2019年7月2日火曜日

言葉はおもしろい(その2)・・・「問い」と「答え」

前回からのつづきです。
(前編はこちらから)

ちょっと長くなりますけど、このあとまた、(その3)へ続くなんてやると、怒られそうなので、長いままにします。ご勘弁ください。

さて・・・
お母さんにガチャガチャをやらせてもらって、おもちゃを手に入れた女の子は、さっそくお母さんにお礼を言いました。1歳半(おそらく)の人生の中で、そうするものだと既に学んでいたからです。ところが突然、未体験の事態に遭遇しました。おばあちゃんにも、「ありがと、は?」と声をかけられたのです。なぜ? ここからは私の勝手な想像です。

・・・ 誰かに何かをしてもらったら、まずお礼を言う。それでよかった。でも、もしかすると、そのあと、その場の人みんなに「あーガトね」と声をかけるものなのかもしれない。きっと、そうなんだ。自分にうれしいことがあった時は、みんながお互いに「あーガトね」と声を掛け合うのにちがいない ・・・ 

女の子は例の沈黙の「間」の間に、とっさにそう判断した(感じた)のではないでしょうか。実際、おばあちゃんにつづいて、女の子は、お母さんにもおばさんにも、「〇〇ちゃん、あーガト、は?」と、元気に何度も声を掛けていたのでした。
言葉が意味するものは、「文字通りの言葉そのもの」の内容を指すだけではありません。その言葉が発せられた背景まで併せ持って、ある特定の意味を伝達しているのです。これは私たちが日常的に経験しているので、当たり前すぎて特に意識してはいません。時々、会話がへんにすれ違ったあげくに笑ったり感情がぎくしゃくしたりすると、改めて、気づかされるくらいのものです。まあそれも、人のコミュニケーションの面白さでもありますが。

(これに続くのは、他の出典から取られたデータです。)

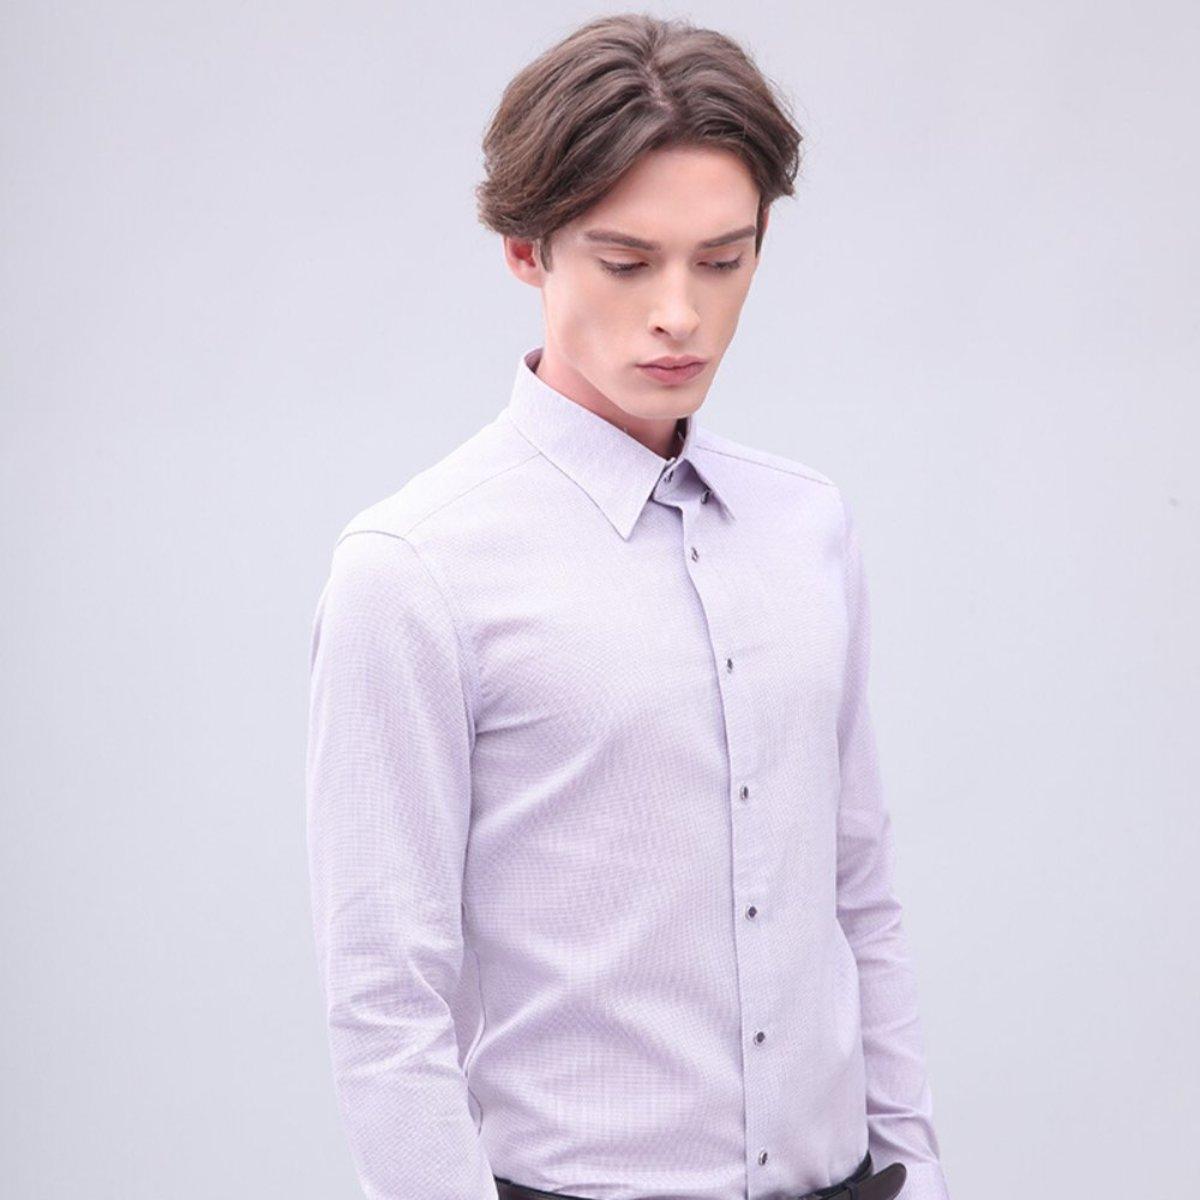 男士 全棉鈕扣領細密網紋恤衫 (紫色)

実は、ペーパーテストの「問い」と「答え」にも、同じような現象が起こります。テストの点が悪い、勉強ができないと言われてしまう生徒さんの中には、そもそも「問い」の意図がつかめていない場合がある、と考えられてます(この辺は昨年話題になった書籍『AIvs教科書が読めない子供たち』を参考にしています)。単純な「問い」は別ですが「問い」が少し複雑(ただし悪問は別です)になると、何を答えるべきか、というより、どう対処すべきかが、わからなくなるのです。単純な「問い」は、知識を増やしたり計算練習などを積むことで乗り越えられますが、「問い」そのものの文は単純そうでも、ある判断や思考の仕方に基づいて「答え」ることを求められると、対応を誤ったりするのです。

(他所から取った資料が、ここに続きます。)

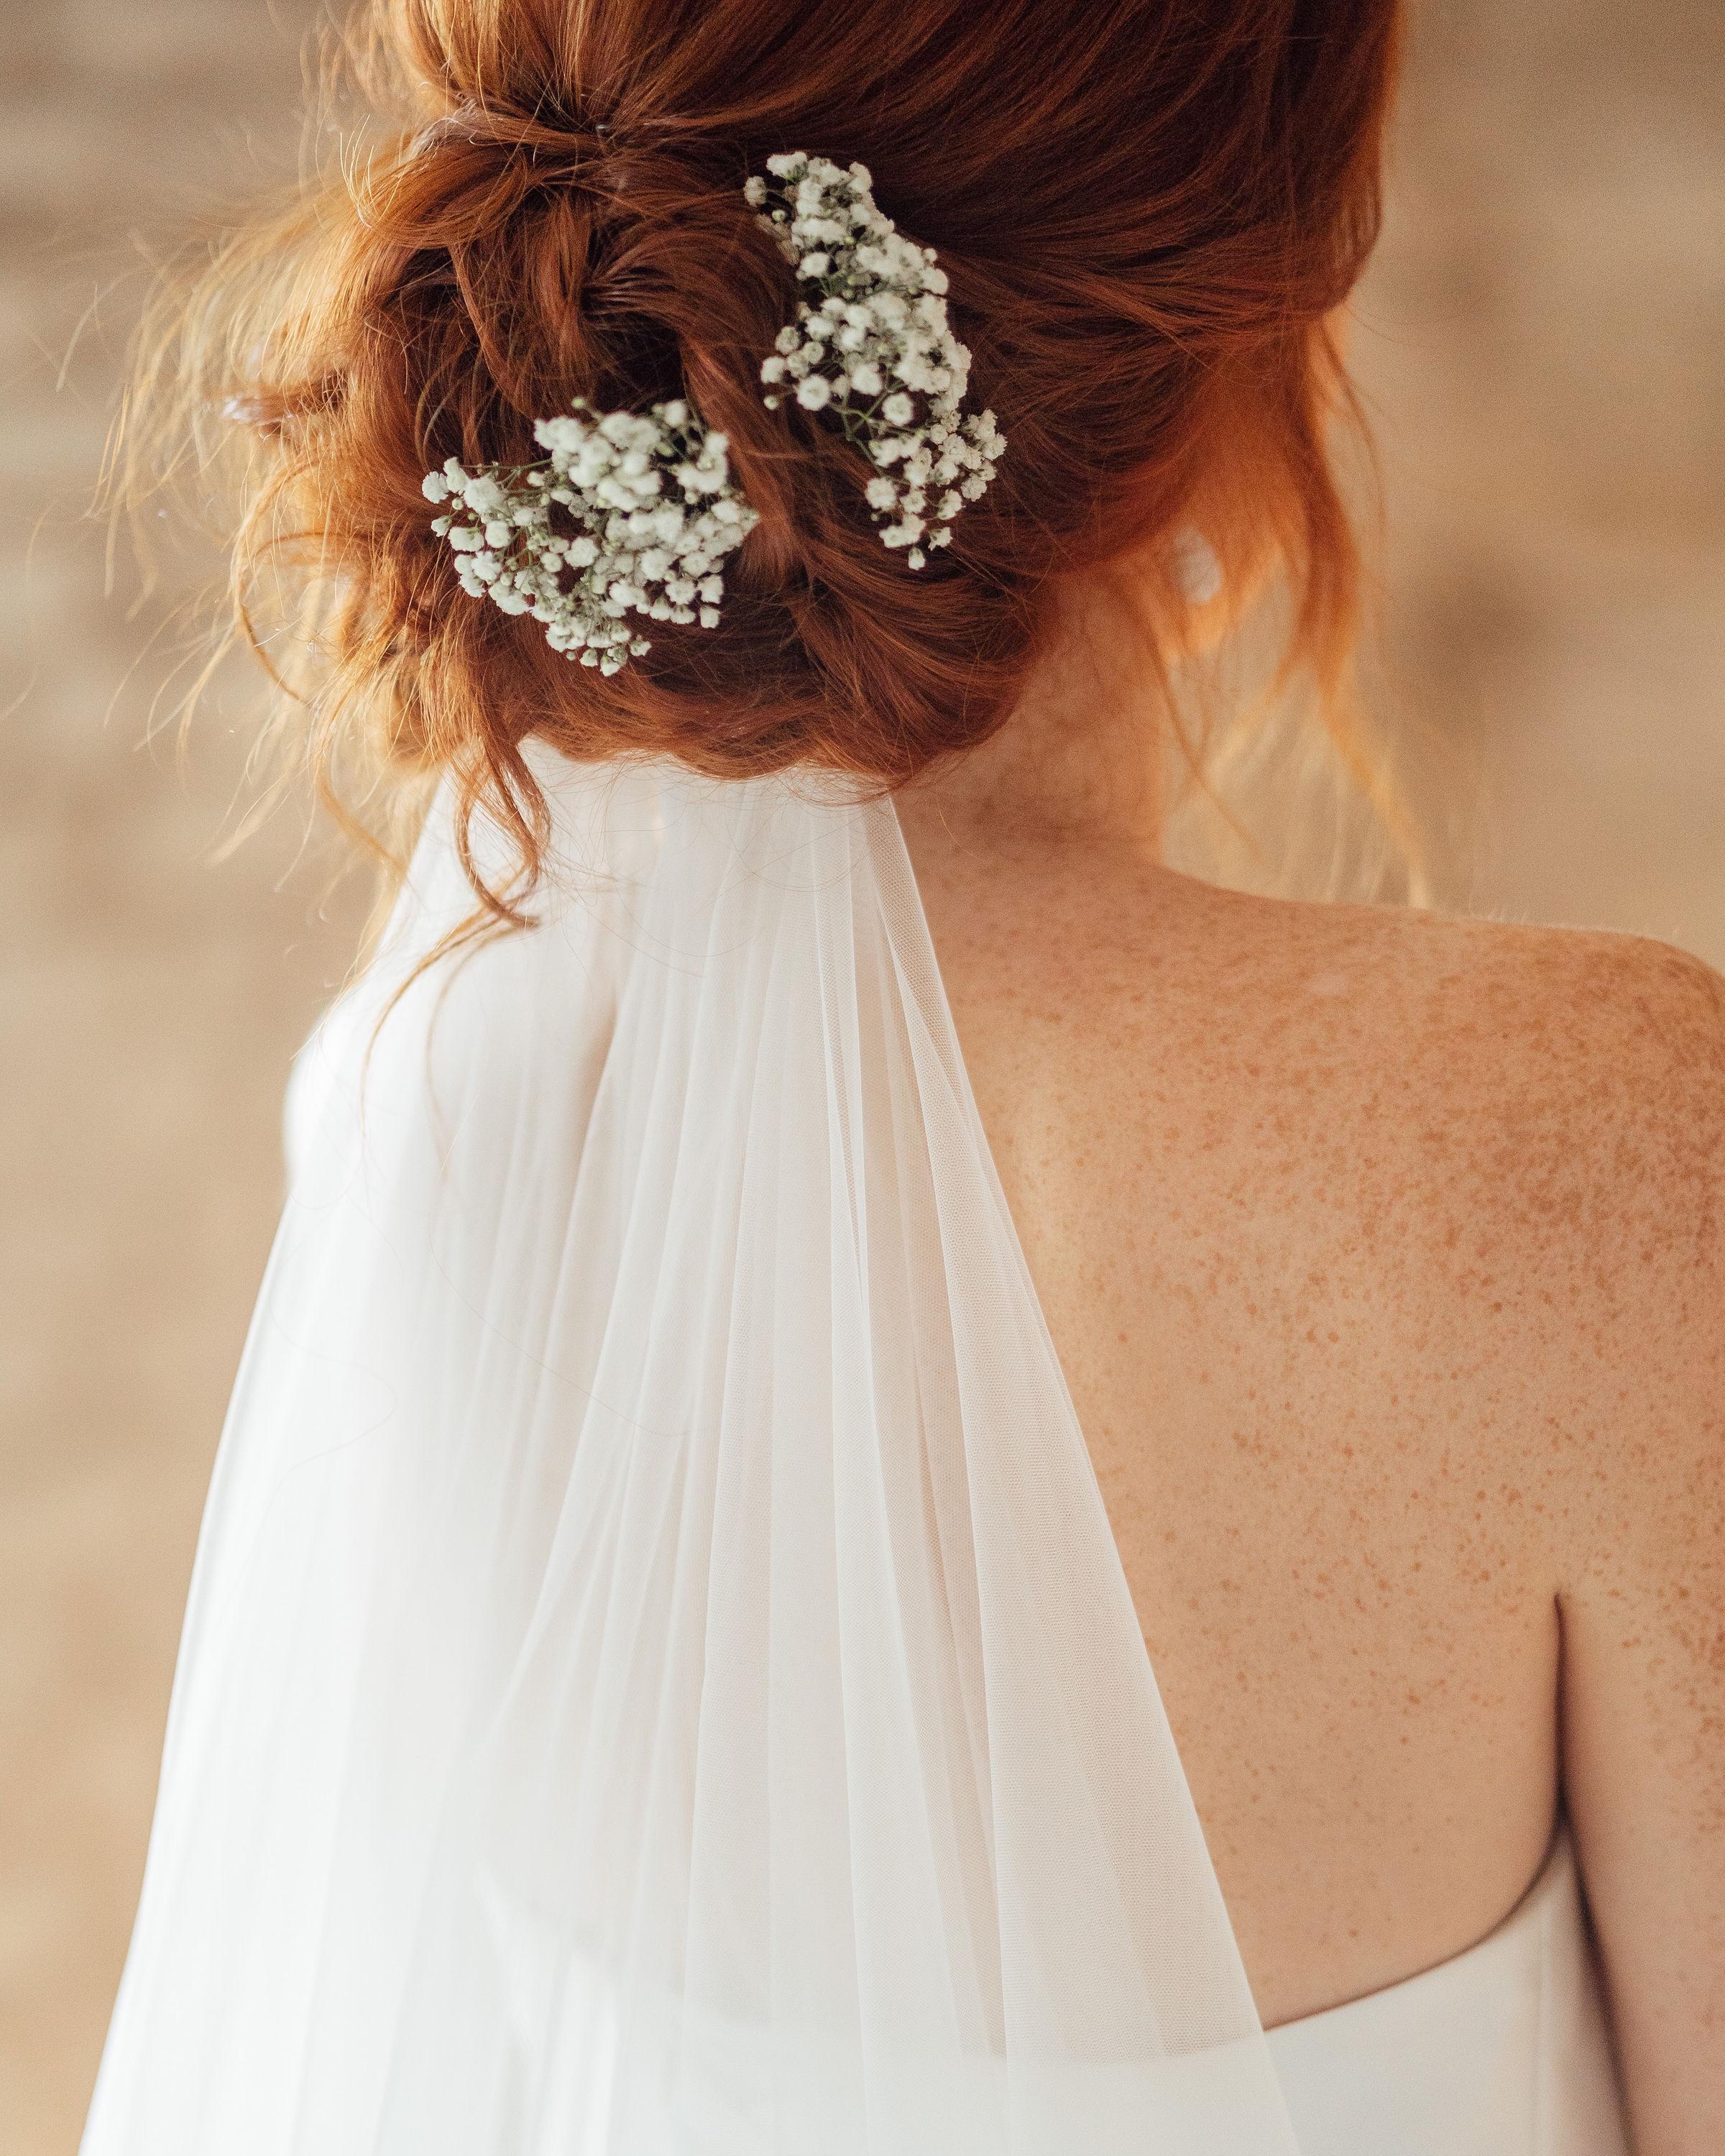 Le voile - Assorti à la dentelle de votre robe ou simple. Il est indispensable pour le côté romantique et innoubliable de votre entrée :-) Prix des voiles: à partir de 50€

前回の、ちょっとした私の思い付きで、早稲田大学の英語の長文問題を解かされた我が塾生にも、このことが当てはまると私は考えています。
例えば、その問いの一つは ・・・ the  word (    ).   の(    )の中に、選択肢にある名詞の中から正しいものを選ぶというものでした。(    )に名詞を入れれば、名詞が並んだまま文が終わってしまいます。そこでまず、wordな(名詞)なのか、(名詞)というwordなのか [いわゆる同格] 、を判断しなければなりません。次に(というか同時に)、もちろん、その一文全体の意味を理解しなければなりません。さらに、それまでに述べられた内容(それは、ある考え方ともう一つの考え方との対比でした)をしっかりと把握していなければなりませんでした。問題作成者は、英文に対するこのような読解力を期待して質問したのです(たぶん)。いやあ、大学受験生はたいへんだ。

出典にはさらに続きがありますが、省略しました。